MOMus Photography, in full MOMus–Thessaloniki Museum of Photography, is located in Thessaloniki, Central Macedonia, Greece. It is currently housed in Warehouse A, Pier A, at the Port of Thessaloniki, next to the Cinema Museum of Thessaloniki. It was formerly known as the Thessaloniki Museum of Photography ().

History
The museum was founded in 1987 by Aris Georgiou, Apostolos Maroulis and Yiannis Vanidis but it was not until 1997 that it was legally established and until 1998 that it opened with Giorgos Makris as its president and Aris Georgiou as its first director.

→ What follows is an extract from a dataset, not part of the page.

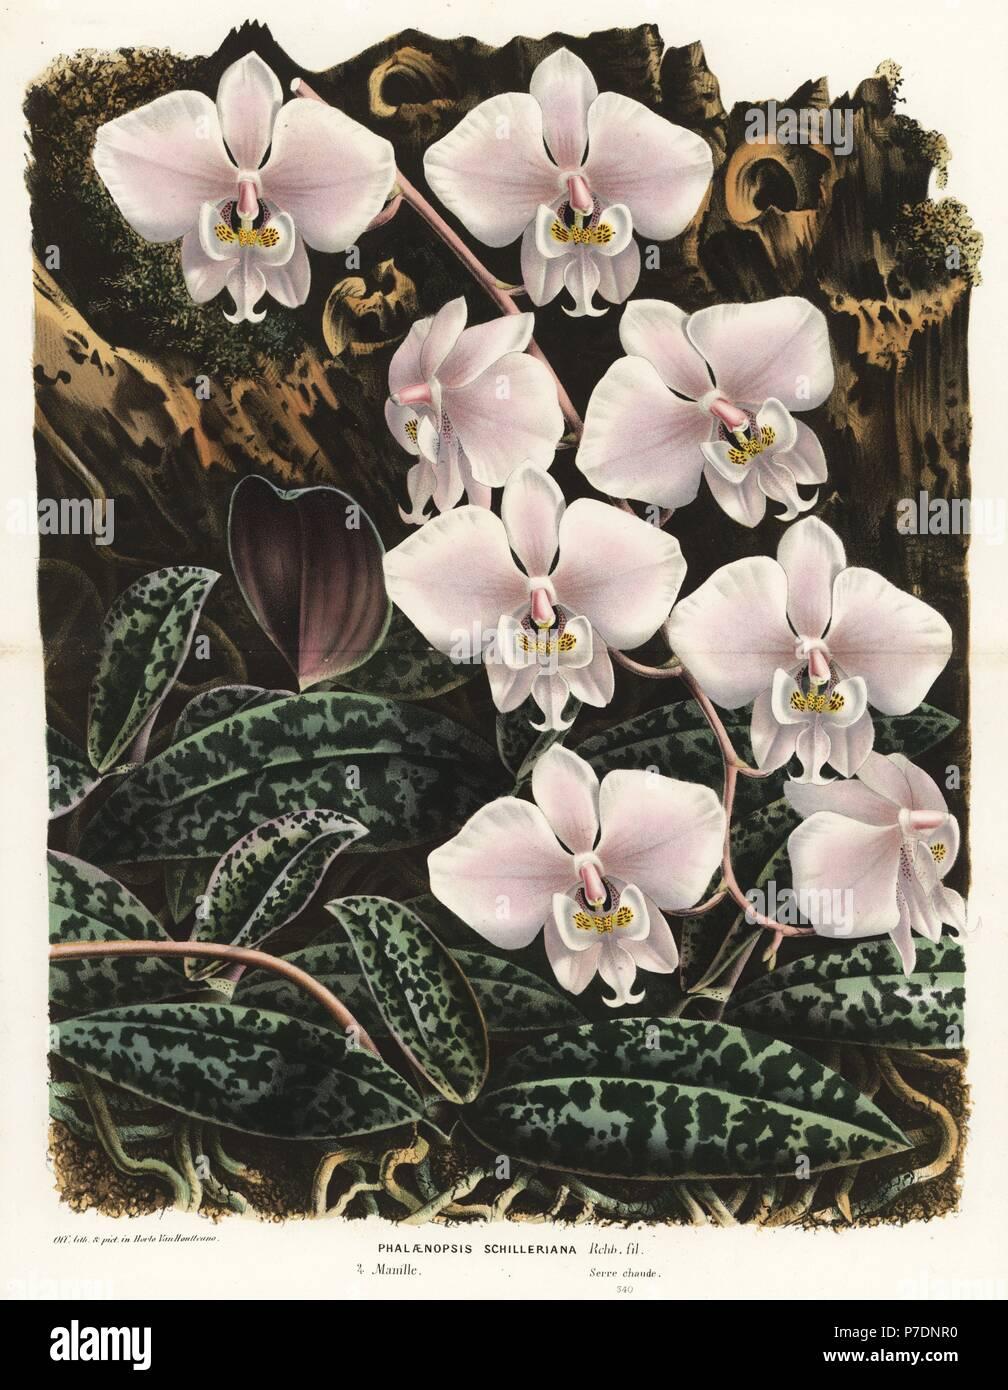 Motte Orchidee, Phalaenopsis Schilleriana. Handkoloriert ...

The museum's mission is to collect photographs, especially historical and artistic photographs of Greece, to organize exhibitions and events to show the museum's collection, to join forces with other similar bodies and work together and to publish books on photography.

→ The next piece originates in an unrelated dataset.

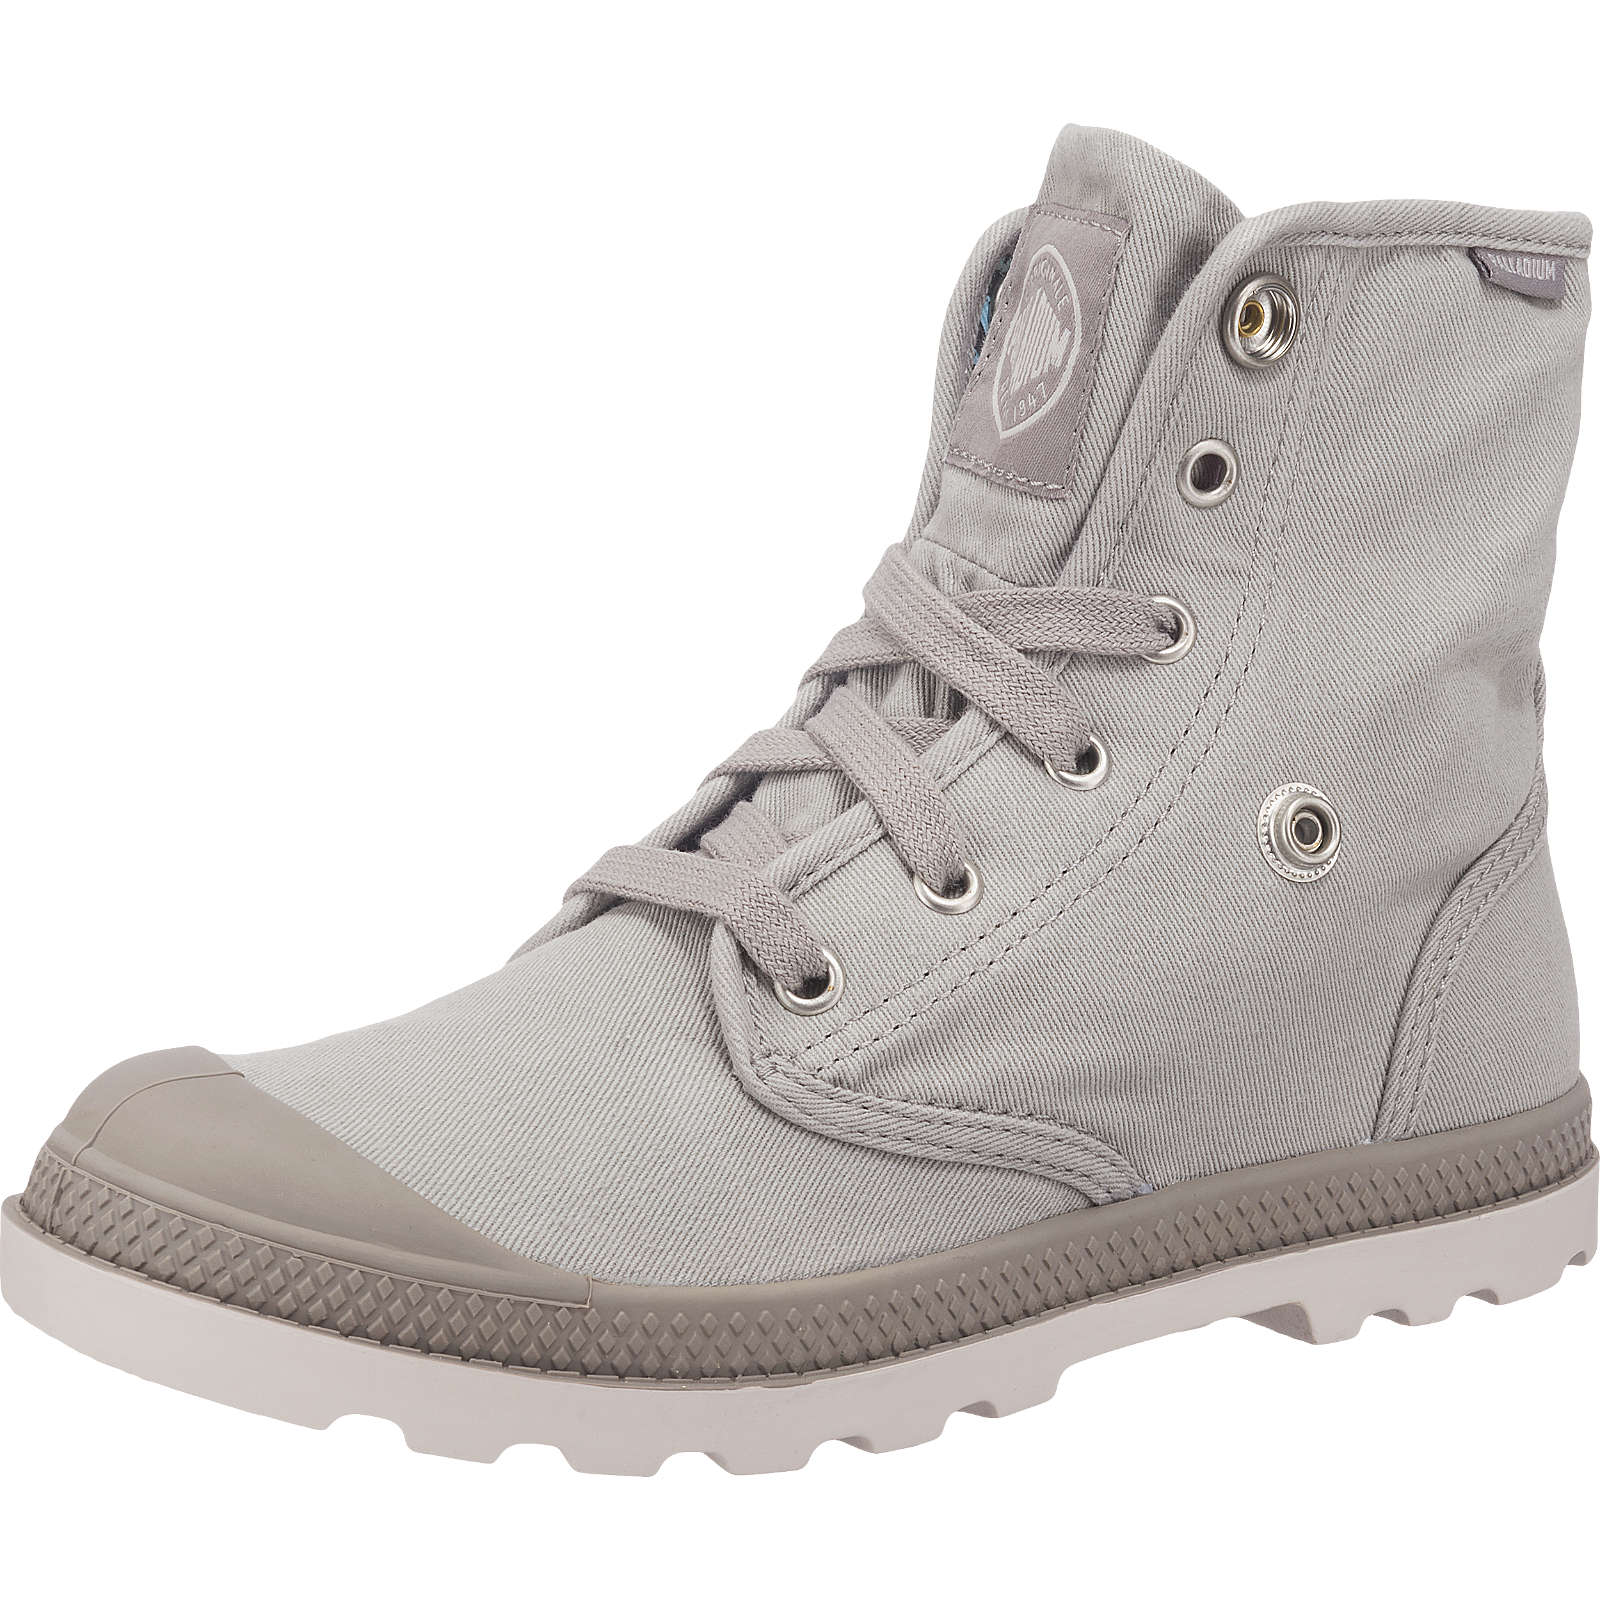 Palladium Baggy Low Lp Tw P Sneakers grau Damen Gr. 40

The museum has 57 photographs and 700 negatives by photographer Nelly's, photographer Sokratis Iordanidis's archive, with themes from fashion, news stories, cityscapes and such like from the 1950s, 60s and 70s, and is ready to go ahead with the purchase of the collection entitled Picture and Image (the work of 39 contemporary Greek photographers), the archive of photographer Giannis Stylianos and part of the collection entitled New Images.

Since 1999 the museum has collaborated with a host of Greek and international bodies to undertake the organization of Photo Synkyria, the country's most important and longest-lasting photographic institution.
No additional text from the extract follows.